Взор его, воспаленный бессонницей, цеплялся за символы власти. Горкейлийский грифон, лики предков в золоченых рамах – все эти темные, холодные глаза, устремленные на него с укором. Он, наследник, чувствовал себя заблудшим отроком в лабиринте собственной несостоятельности.
Его мир рухнул от двух ударов.
Первый: отец. Король Лимар. Молот, ковавший волю державы. Теперь он лежал, сраженный не сталью, а жгучим свинцом предательства. Его сердце, бившееся в такт военным барабанам Горкейлии, не вынесло подлости. Лекари шептались о «немощи духа, сокрушившей плоть». Трон лишился своей опоры.
Но второй удар бил больнее. Именно он и подкосил отца. Его брат принц Ринат. Ученый светоч, чей ум должен был стать самым острым клинком королевства. Он не просто бежал. Он надругался над своей кровью. Женился на Миле, княгине Юланколии. Той самой, что отравила собственного мужа. Теперь эта паучиха по праву брака обрела их титул. А Ринат стоял рядом с ней, принося присягу вражескому двору.

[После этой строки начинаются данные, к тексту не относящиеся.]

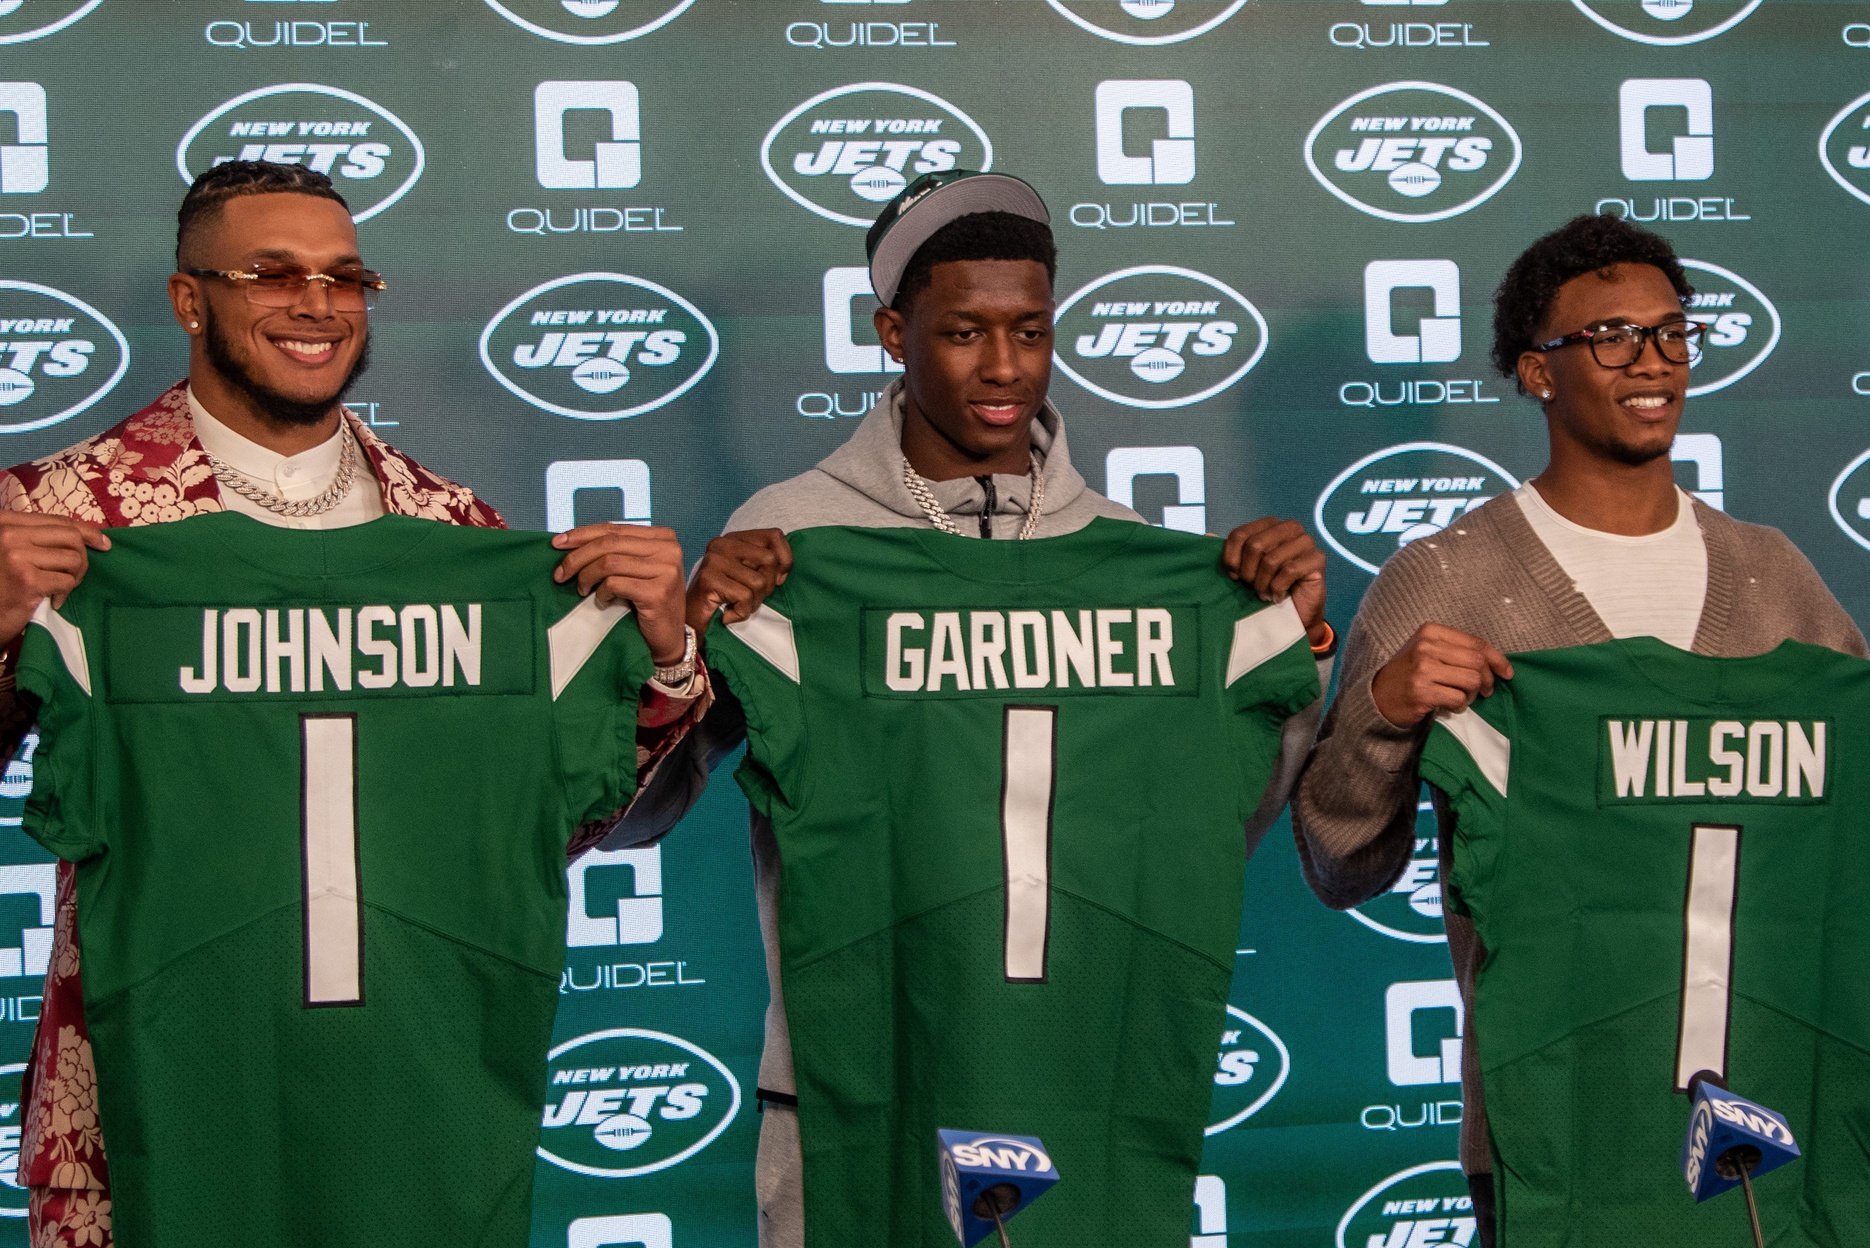 First-round picks in 2022 by the New York Jets, Jermaine Johnson (left), Sauce Gardner (middle), and Garrett Wilson (right) pose for pictures at an introductory press conference.
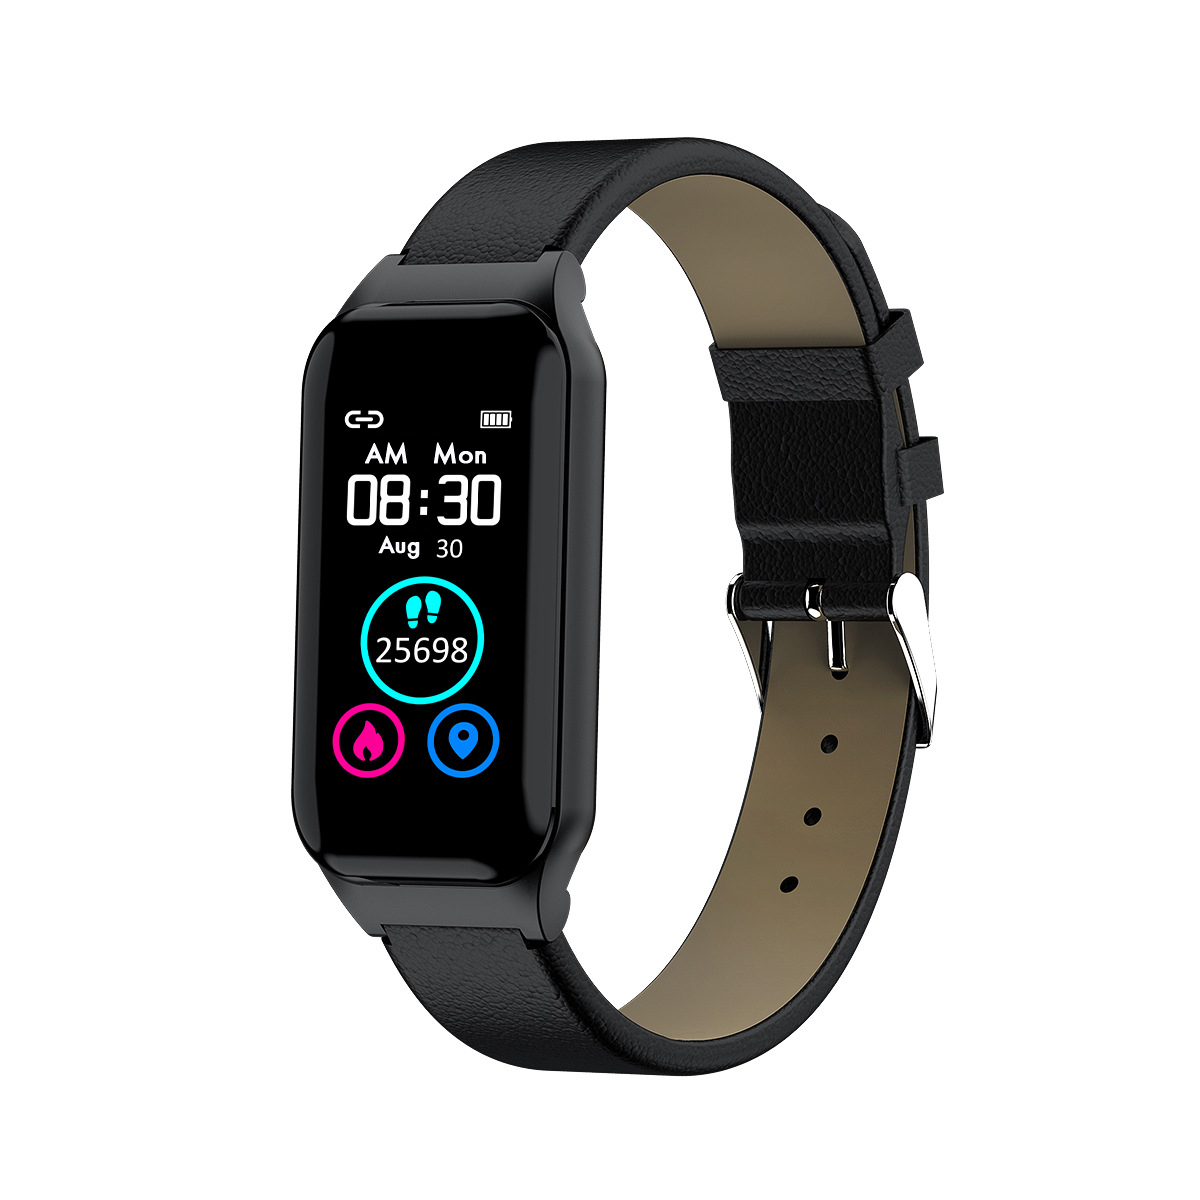 Find bluetooth 5 0 Bakeey X89 Wireless bluetooth Earphone Wristband Real Time Heart Rate Blood Pressure Monitor Smart Watch for Sale on Gipsybee.com with cryptocurrencies
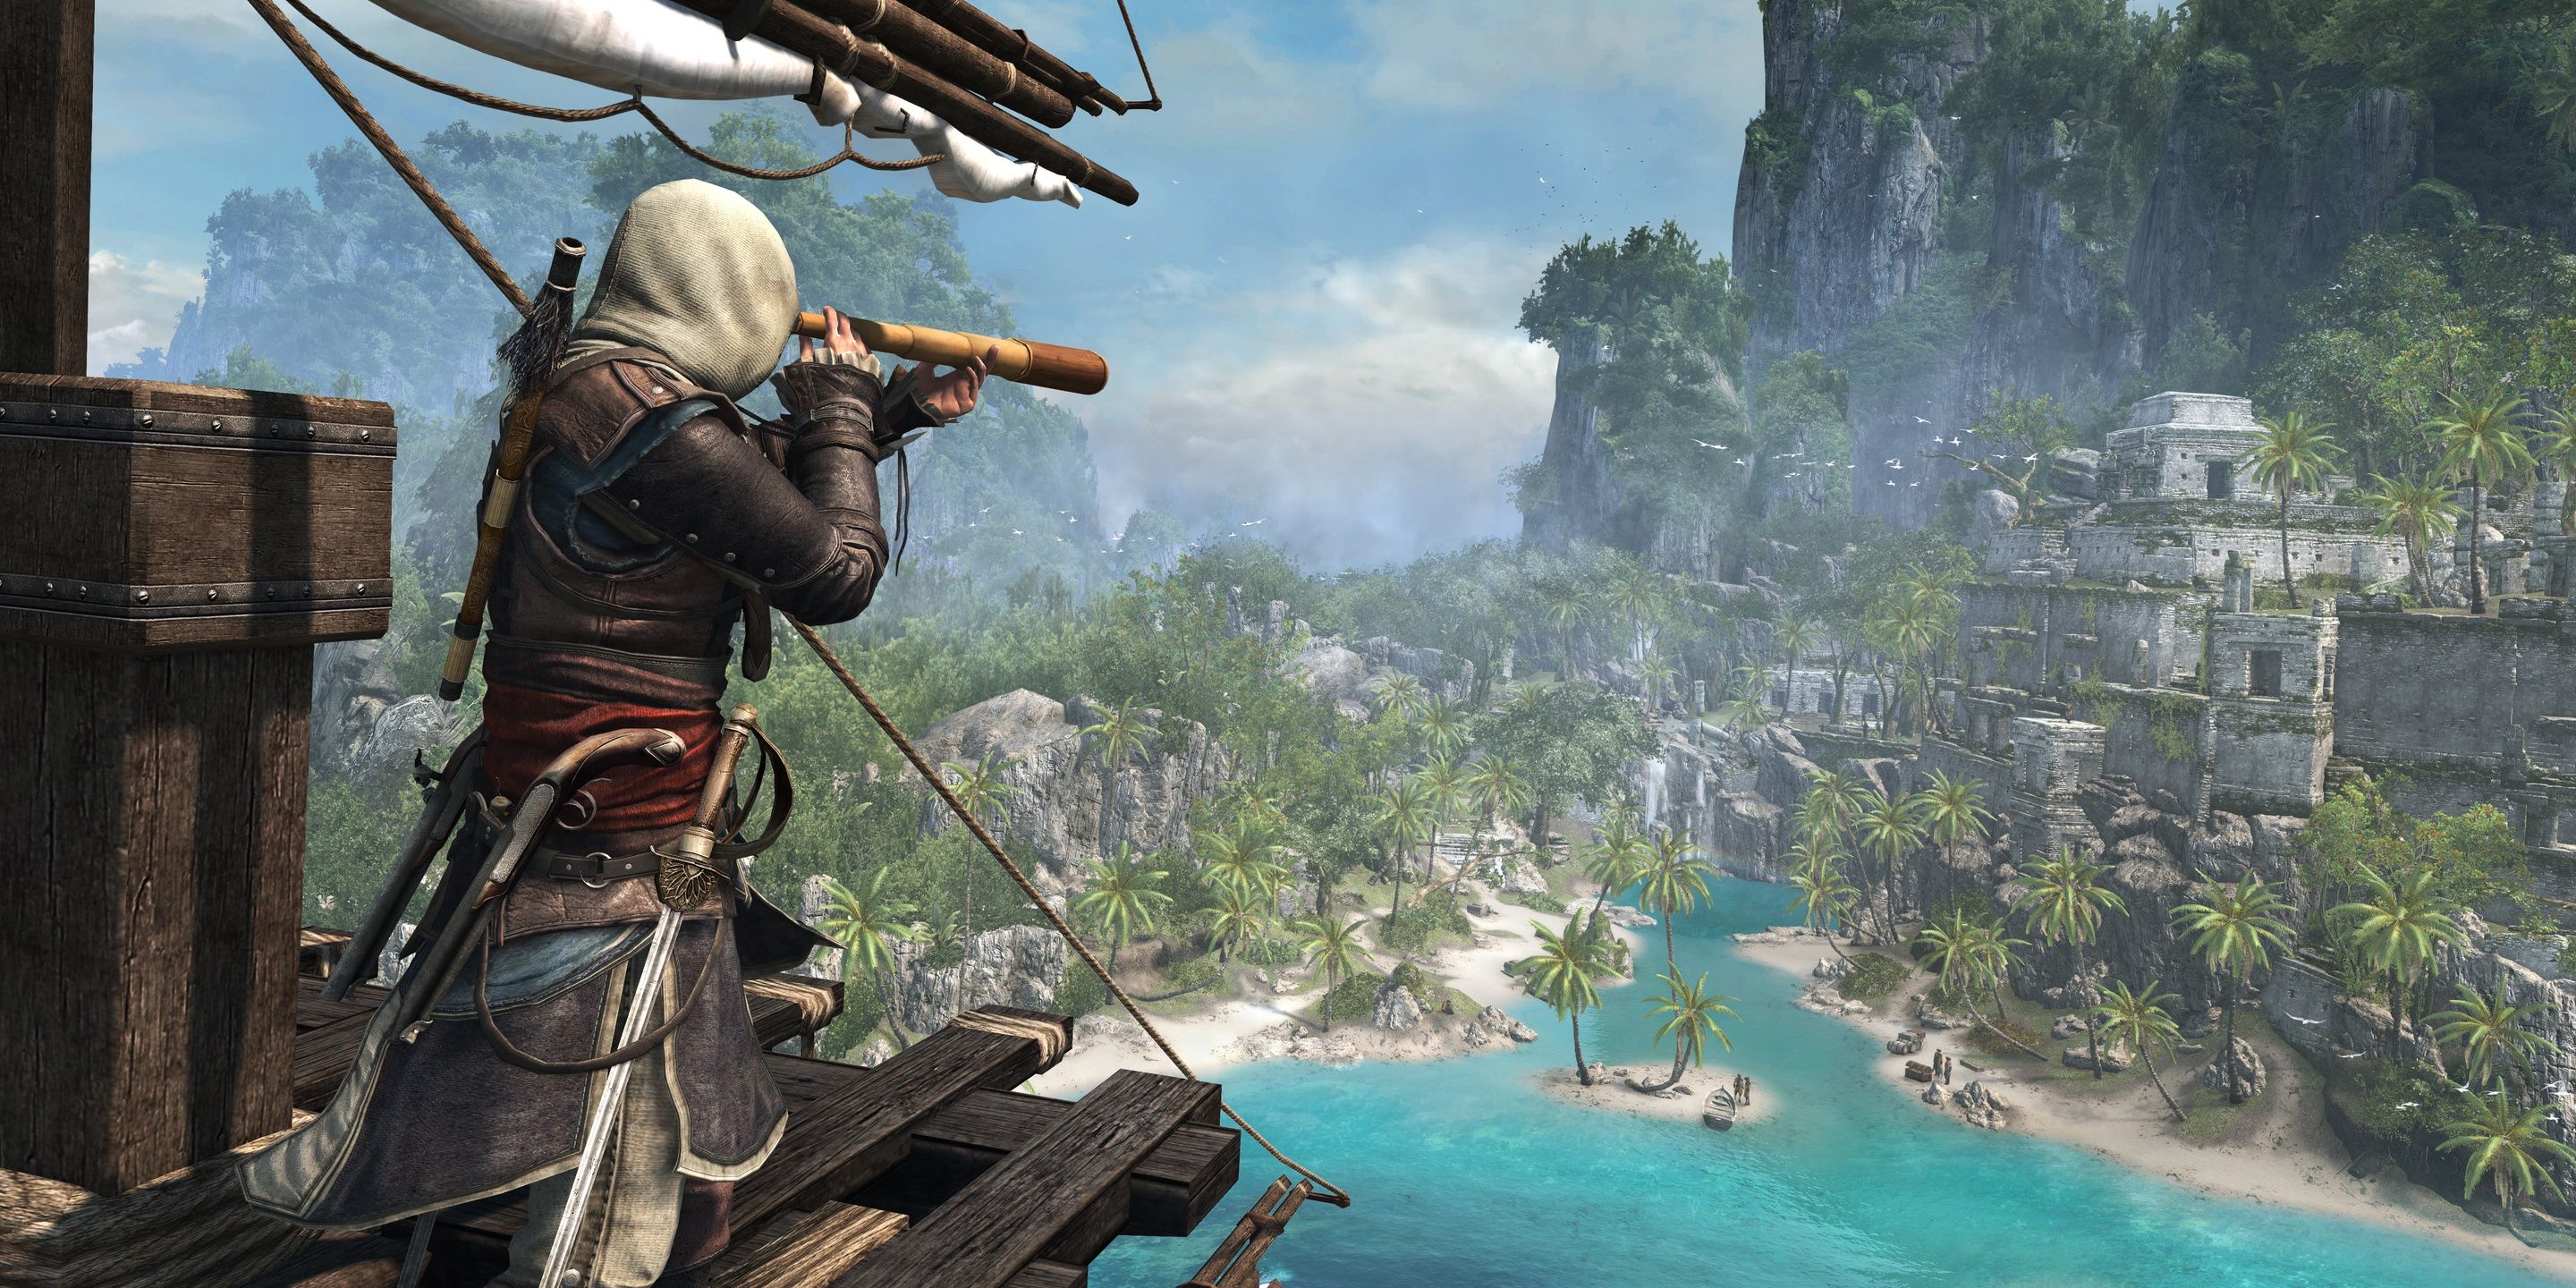 Edward Kenway looks into the mirror at the island from his ship at sea in Assassin's Creed IV Black Flag.
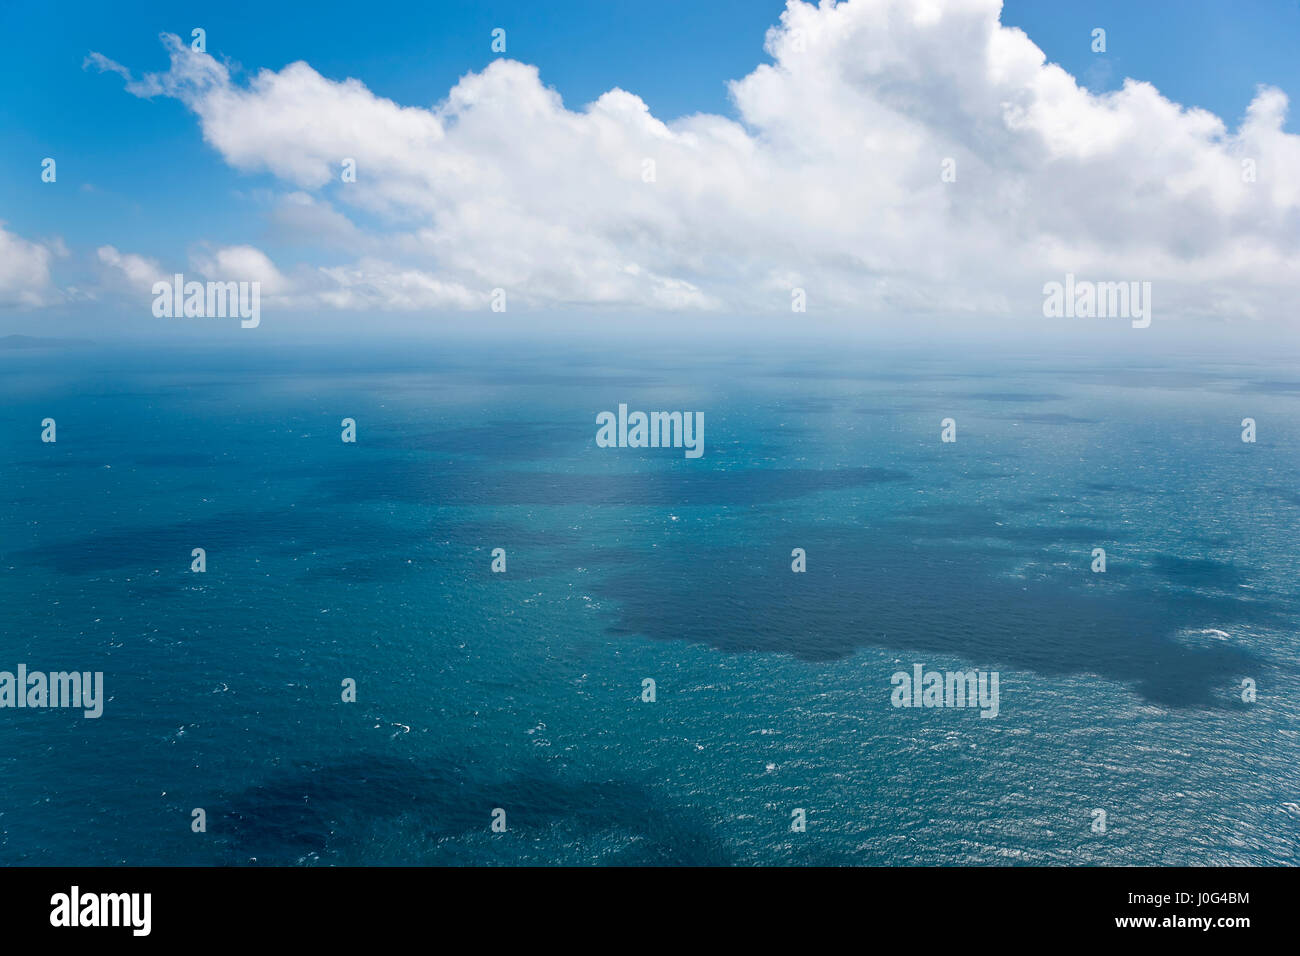 Seascape, aerial view, Great Barrier Reef, Queensland, Australia Stock Photo

Сообщников брата схватили. Старый Артур, наставник, бывший Ринату вторым отцом, взошел на эшафот. Тимур до сих пор видел, как катилась седая голова. Остальных четвертовали – кровавая месса в назидание.
Память возвращала его на площадь. Не как зрителя, а как участника жуткого ритуала, где он играл роль идола, обязанного лицезреть кровавое подношение.
Солнце било в глаза, и от блеска доспехов стражи рябило в глазах. Толпа гудела приглушенно, как растревоженный улей. А в центре, на деревянном помосте, стоял он – старый Артур. Не сломленный годами мудрец, а выпрямленный последней гордостью старик. Ветер трепал его седые волосы, и он смотрел не на толпу, не на палача, а прямо на Тимура, стоявшего на балконе дворца.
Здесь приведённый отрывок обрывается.